Edinburgh Fringe 2025
The Big Day
Pure Class Theatre and New Celts Productions

Genre: Comedy, New Writing, Theatre
Venue: theSpace On The Mile
Festival: Edinburgh Fringe
Low Down
Four lifelong pals from said Bellshills have planned a long awaited get-together at The Big Day, a free music festival that was the centre piece of Glasgow’s 1990 European City of Culture celebrations. But they now find themselves unable to see it. They’ve ended up in a police holding cell. One of them chose to ping a glow stick at the lassie from their own neck of the woods who’s performing on stage as the headline act.
Review
It’s 1990, midway through Glasgow’s year in the sun as European City of Culture and its The Big Day, a free music festival that was, arguably, the centre point in the city’s celebrations. It attracted around 300,000 punters and featured performances all over the city, showcasing Scottish and international acts that included the likes of Deacon Blue, Wet Wet Wet and Bellshills very own Sheena Easton.

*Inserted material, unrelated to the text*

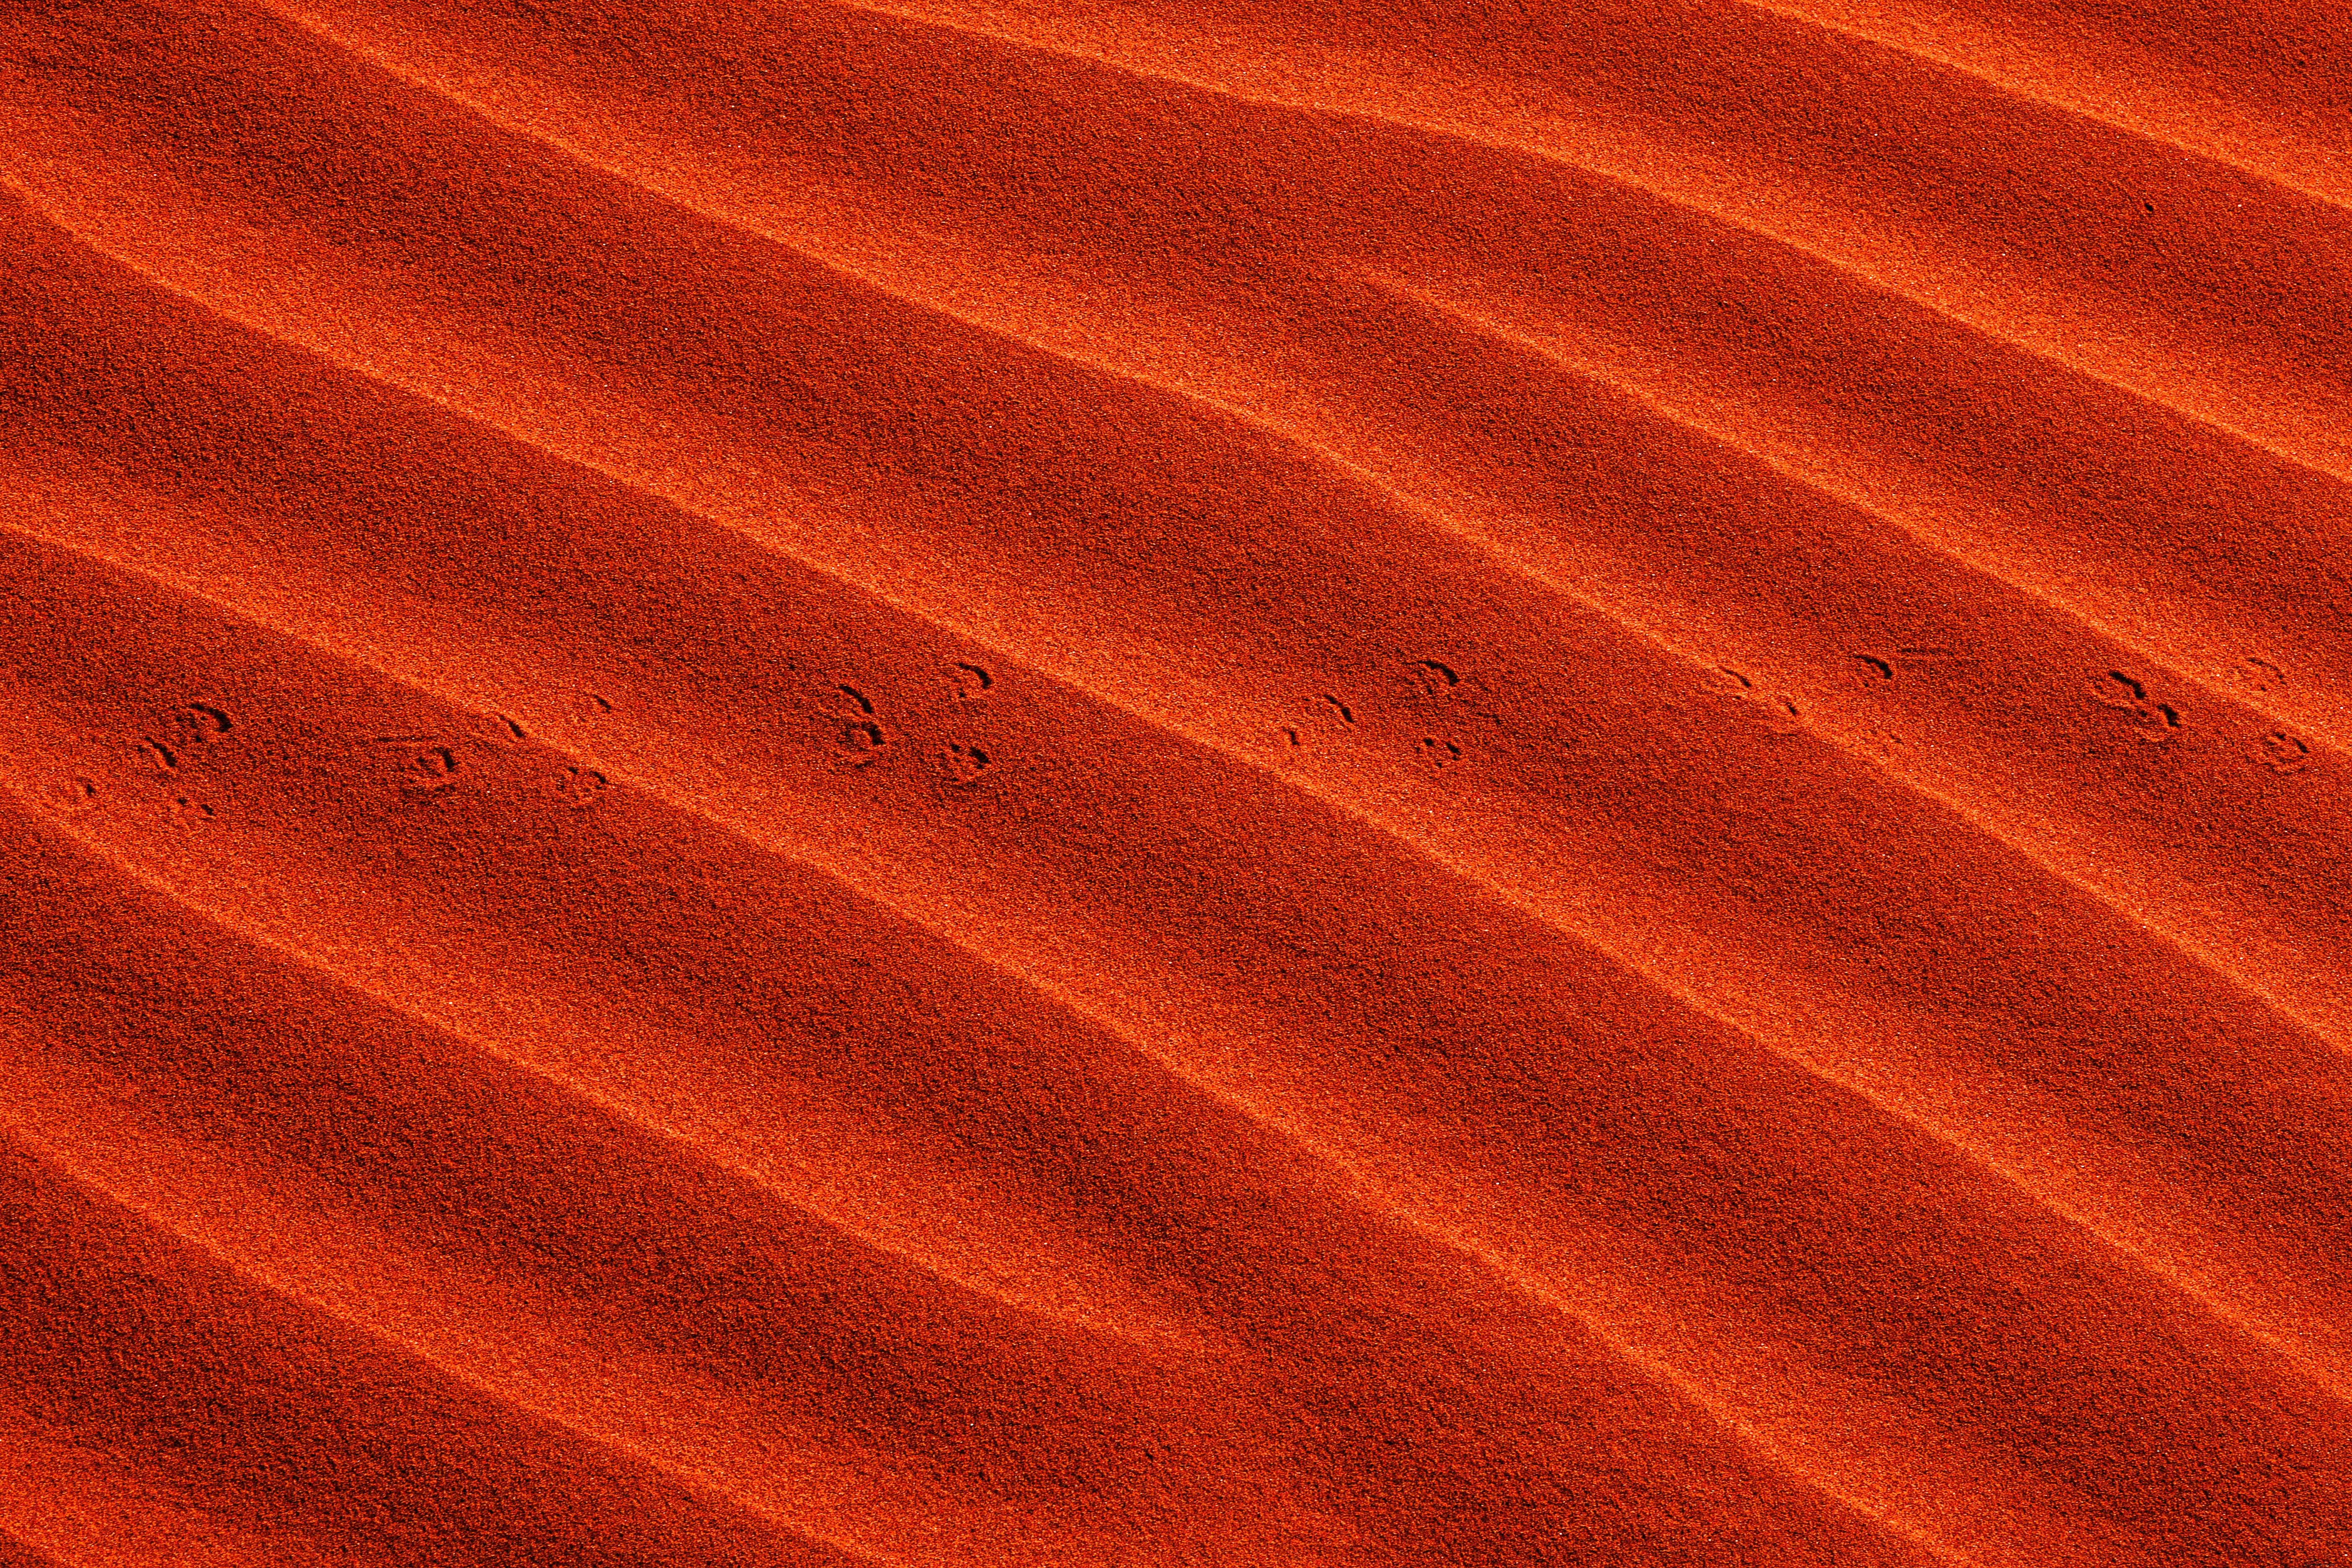 Vagues dans le sable orange vibrant avec de petites empreintes photo

But the four lifelong pals from said Bellshills who’d planned a long awaited get-together at this mega-party now find themselves unable to see it. They’ve ended up in a police (or polis, as we call them up here) holding cell. One of them chose to ping a glow stick at the lassie from their own neck of the woods who’s on stage .
Sheena’s “crime”? Acquiring a faux American accent now that she’s hit the big time, dumping the Weegie patois for something more sophisticated, with a bigger global reach. But remember, you can take the lass oot of Glesga, but ye cannae take Glesga oot the lass. And there’s another girl languishing in the corner of the cell but she’s nay fae roon here. She’s from foreign parts – Mull – incarcerated for having the temerity to bottle a pestering pervert.
Will all this forced proximity break down the barriers that have grown up between the four pals and the latent barrier between them and her from foreign parts? And, more importantly, how the heck can they all get back out to the concert?
Fiona’s glow stick rebellion is hilarious, perfectly ridiculous yet curiously earnest. Easton’s betrayal of her Glaswegian origins stirs worries amongst the quartet that they, too, might be losing their voices. Their being locked together forces them to confront each other and themselves, opening up fracture lines of trust, trepidation, and quiet compassion, fissures that maybe point to something bigger.
What makes The Big Day stand out, though, is its cast. The five Napier University alumni breathe life into characters which could have easily slipped into stereotypes but are each hauntingly recognisable: prosaic, defensive, regretful, hopeful, hurt. They’re all working‑class dreamers, four who left school at 16 because that’s what you do in Bellshill, the other from the same socio-economic cohort but aiming for university as a means to escape.
There’s a natural chemistry between them, allowing the dialogue to flow freely, emotions between them rising and falling like the tide. The badinage is laced with regrets which land like confessions, sometimes tender, often sharp, always textured. Yet running through each of the quintet was a genuine undercurrent of vulnerability, born of the struggle to stay above water, to stay in a job, to keep a roof over their respective heads, to stay solvent.
Andrew Cole’s set is simple but evocative, consisting of speaker towers and fencing that doubles as both the music festival stage barrier and the cell walls restraining the quintet. Sound and lighting provide empathetic support as the action unfolds with effective short, sharp blackouts delineating scene breaks.
Milly Sweeney’s tightly scripted piece has been inventively staged and directed by Lucy Pedersen. It’s a piece of theatre that packs more meaning and messages into forty-five minutes than many pieces twice that length. The original 1990 Big Day gig highlighted a range of issues, focusing on the homeless but touching others in Scotland such as industrial decline, lack of replacement investment, inequality, poverty, male violence against women, and drug abuse in all its forms.
Fast forward the better part of two generations and you might justifiably ask what has actually changed, apart from Scotland now being a devolved nation, that is? Perhaps that’s why The Big Day seems so worryingly apposite. Thoroughly recommended viewing.